David Coward, currently writing a biography of Rétif de la Bretonne, writes in the Times Literary Supplement:

Albert Camus spent Christmas 1959 at his house in the Vaucluse with his family and his publisher, Michel Gallimard. After New Year, instead of returning to Paris by train with his wife and children, he decided to get a lift with Gallimard, a fan of fast cars, and his family, in their 4.5 litre Facel Vega HK500. Camus saw his family off at Avignon station on January 2 and set off the next day with the Gallimards. They stayed the night near Macon, set off again on January 4, lunched at Sens and, an hour or so later, crashed at high speed into one of the plane trees lining a straight stretch of road. Camus was killed outright, Gallimard died a few days later but Mme Gallimard and their daughter survived. There was little traffic at the time but someone remembered that the car was travelling fast and “waltzing” just before impact. Another witness recalled that the speedometer was stuck at 145 kph, though a third swore it read zero. Mme Gallimard said that something seemed to “give way” under the vehicle just before the crash.

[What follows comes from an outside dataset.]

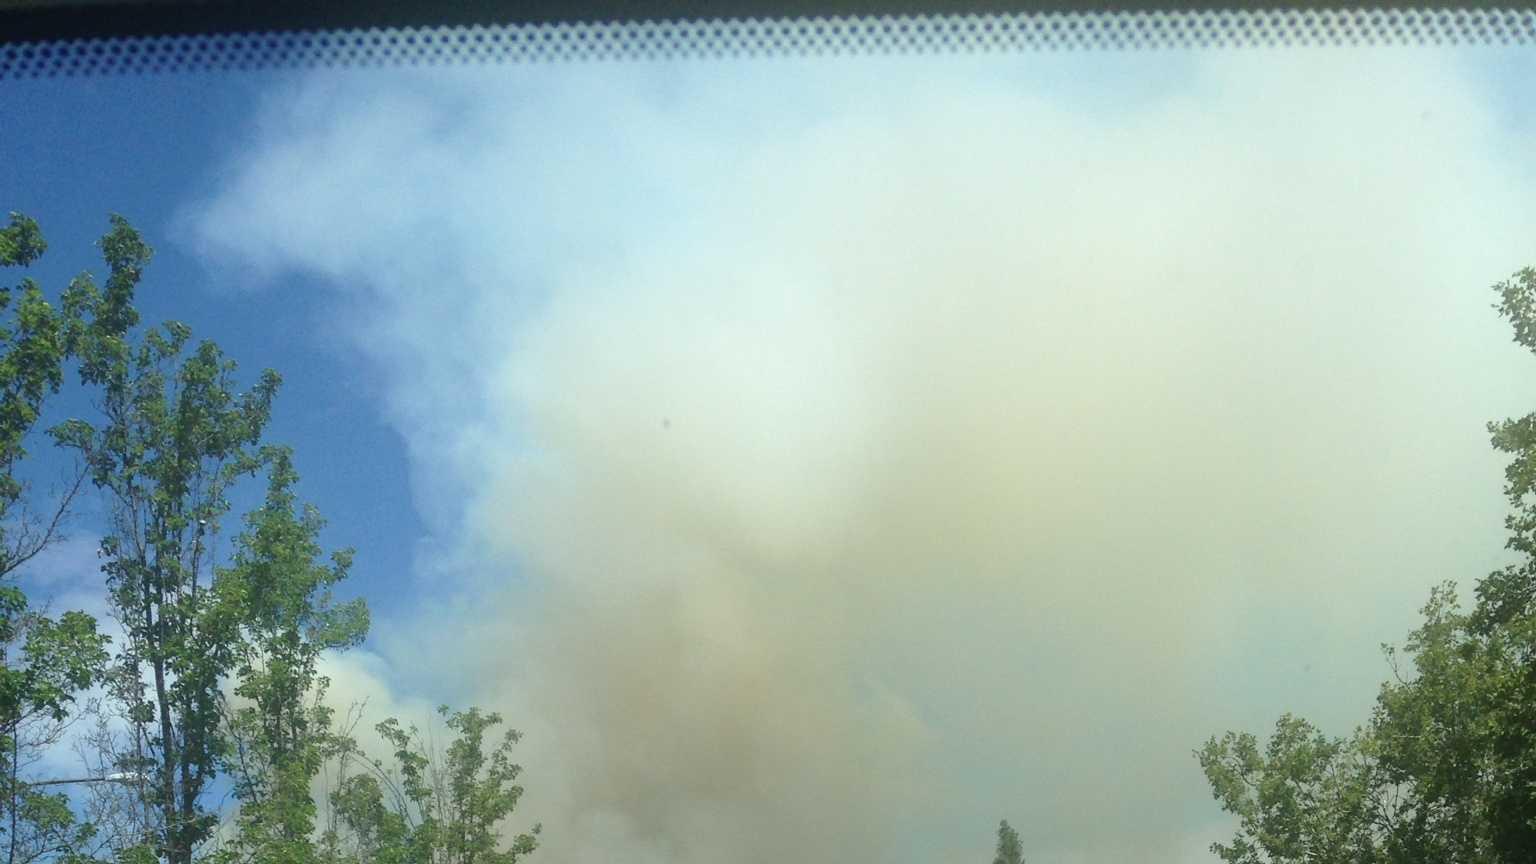 Grass fire burning near Danville. (July 7, 2015)

For Giovanni Catelli, Camus’s death was no accident, but a political assassination. His book, first published in Italy in 2013, starts with the assumption that sets the tone: “Fate doesn’t conspire against a man just like that – that’s something men do”. So which men did it? Camus, voice of reason and Nobel prizewinner, certainly had enemies. French nationalists believed he had sold out to the Algerian rebels who, in turn, thought he was too moderate in his support for their struggle. The right resented his Resistance credentials, the left thought he had betrayed the cause. His criticism of fascist regimes riled Spain and his hostility to Soviet interventions in East Berlin and Hungary, plus his championing of Boris Pasternak, displeased Communist Party hardliners everywhere.

In Prague in about 2010, Catelli found a “crystal clear clue” which revealed unambiguously that Camus had been murdered by the KGB. The clue was a passing mention in the memoirs of the poet and translator Jan Zábrana (Cély život, A Whole Life, 1992) who had been told by a well-informed, well-connected but, alas, unnamed man that agents had placed a device inside a tyre of Gallimard’s car which would blow it at a pre-set high speed.

“He certainly had enemies…”

Having nailed the modus operandi, Catelli set about identifying Zábrana’s informant. The trail was cold and the suspects dead, but Zábrana had mentioned Dmitri Shepilov, the Russian foreign minister whom Camus had criticized in the Franc-Tireur in 1957 for his role in the invasion of Hungary. Surely he had a motive for silencing his tormentor? Catelli demonstrates that Shepilov and his agents had form in this department, though his list of KGB murders all involved poison. But he fails to explain why Shepilov waited three years before giving the order nor how, by then, he had the power to do so. In 1959 he was a lowly archivist in Kyrgyzstan, where he had been sent after trying to unseat Khrushchev.

Coward’s conclusion: “Catelli intrigues but does not convince.”The whole article is here. Is it just another of the modern world’s conspiracy theories, then? You can also read The Guardian‘s take on Catelli’s book and Camus’s death (and it’s not behind a paywall) here. An excerpt:

“The accident seemed to have been caused by a blowout or a broken axle; experts were puzzled by its happening on a long stretch of straight road, a road 30 feet wide, and with little traffic at the time,” Herbert Lottman wrote in his 1978 biography of the author.

Catelli believes a passage in Zábrana’s diaries explains why: the poet wrote in the late summer of 1980 that “a knowledgeable and well-connected man” had told him the KGB was to blame. “They rigged the tyre with a tool that eventually pierced it when the car was travelling at high speed.” …

Catelli has spent years researching the validity of Zábrana’s account. In his book, he interviews Zábrana’s widow Marie, investigates the KGB’s infiltration of France, and includes secondhand testimony from the controversial French lawyer Jacques Vergès. Catelli was contacted by Giuliano Spazzali, an Italian barrister, after the book’s publication in Italy. Spazzali recounted a conversation he’d had with the late Vergès about Camus’ death.

“Vergès said the accident had been staged. It is my opinion that Vergès had more evidence than he cared to share with me. I refrained from asking,” Spazzali told Catelli. “Discretion is the best attitude when a hot topic rises unexpectedly. I didn’t investigate any further, and yet I remember how Vergès was certain that the staged accident was schemed by a KGB section with the endorsement of the French intelligence.”

At the conclusion of the book, Catelli hopes his work will bring forth more evidence, “before the waves of time come to lay waste to the sandy, frail traces of what happened.”